Resettlement alone requires a sum of Ush 17 billion.
On the issue of priority if the funds or part of it are availed, Owor said priority with be given to saving of lives. He said that people who lack food will be catered for prior to those in need of shelter.
Important to note is that some of these calamities occurred in districts that were recently created which means that there is no financial and technical capacity to deal with them.

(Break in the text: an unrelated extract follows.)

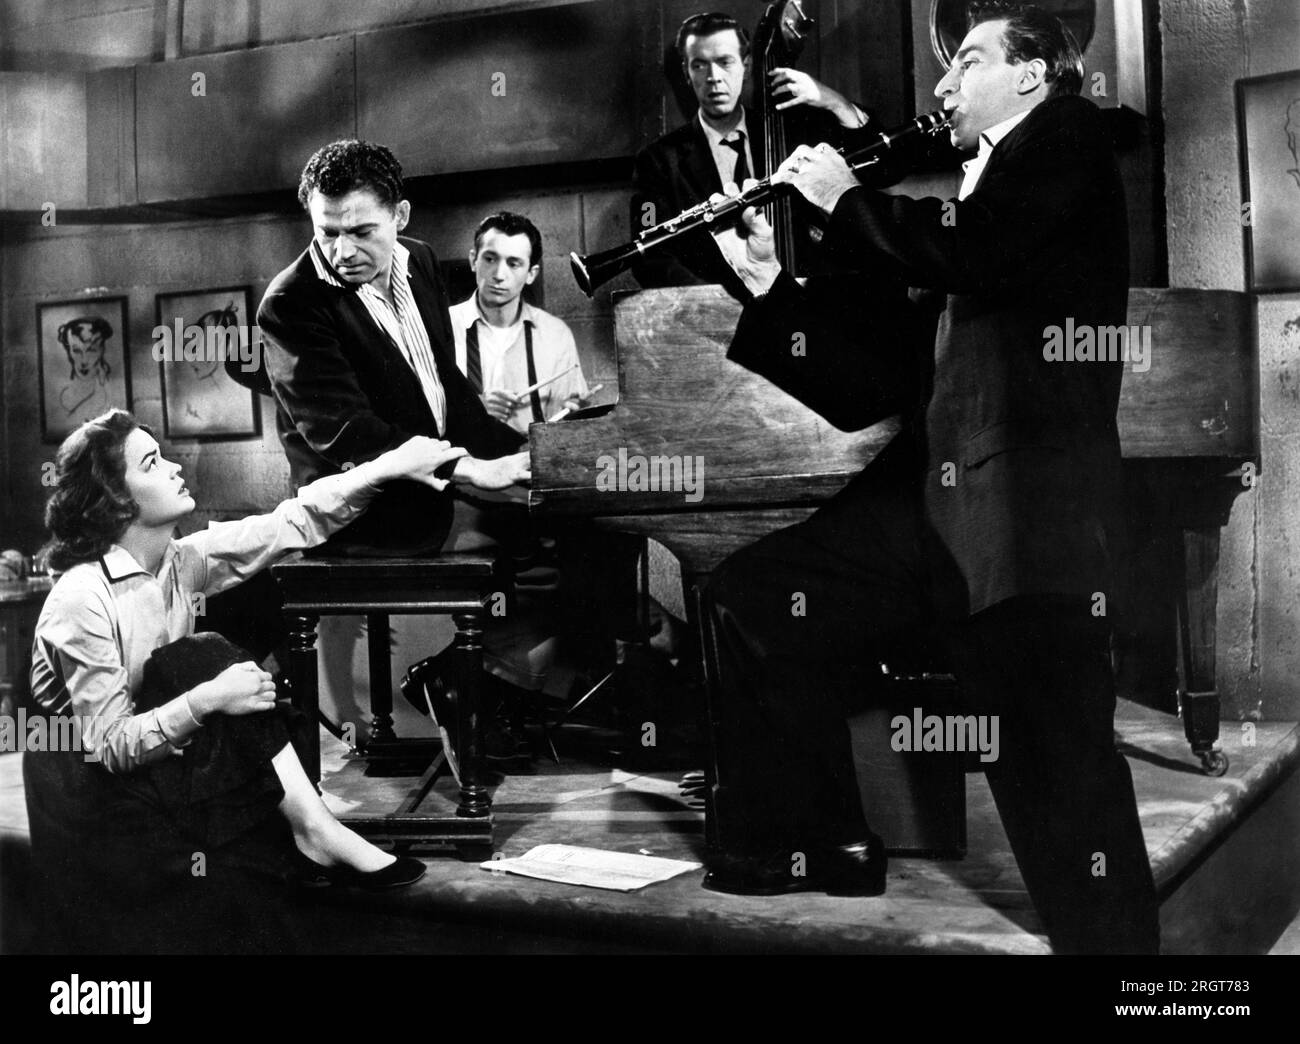 Kathryn Grant (Crosby), Nehemiah Persoff (at piano), Buddy DeFranco (with clarinet), on-set of the Film, 'The Wild Party', United Artists, 1956 Stock Photo

When this website spoke to State Minister for Microfinance, Haruna Kasolo Kyeyune on what is being done to avail the funds needed, he said; “As government, we must have budgeted for it. Disaster Management has its budget and money is released on quarterly basis. We might consider front loading to ensure that problem is solved.”
His response seems to be completely out of touch with the bleak picture earlier given by Commissioner Owor Martin stating that the entire annual appropriation for the Department has been spent in the first quarter.
During Tuesday’s meeting, Prime Minister Rugunda stressed the fact that Ugandans must play a central role in mitigating potential natural hazards especially since many of these result from practices that destroy the environment.
Interim interventions
The Ministry of Transport promised to send a technical team to assess the damage in Rubanda and establish whether the meagre emergency funds in the Uganda Road Fund can be utilized. Meanwhile the standby equipment in Mbarara will be dispatched to carry out repairs.
Allan Ruta, the Assistant Commissioner for Disease Control in the Ministry of Health said that the Ministry will consider establishing outposts with temporary health workers especially in Kyegegwa. Furthermore, he said, quantification of the emergency drugs from the National Medical Store will be done before they are distributed to distressed areas.
On the perennial landslides in Bududa, the NEMA boss, Tom Okurut tabled a proposal by Ugandan academia in the U.S that an artificial riverbed be created along the slopes to reduce over saturation of the ground which often leads to avalanches.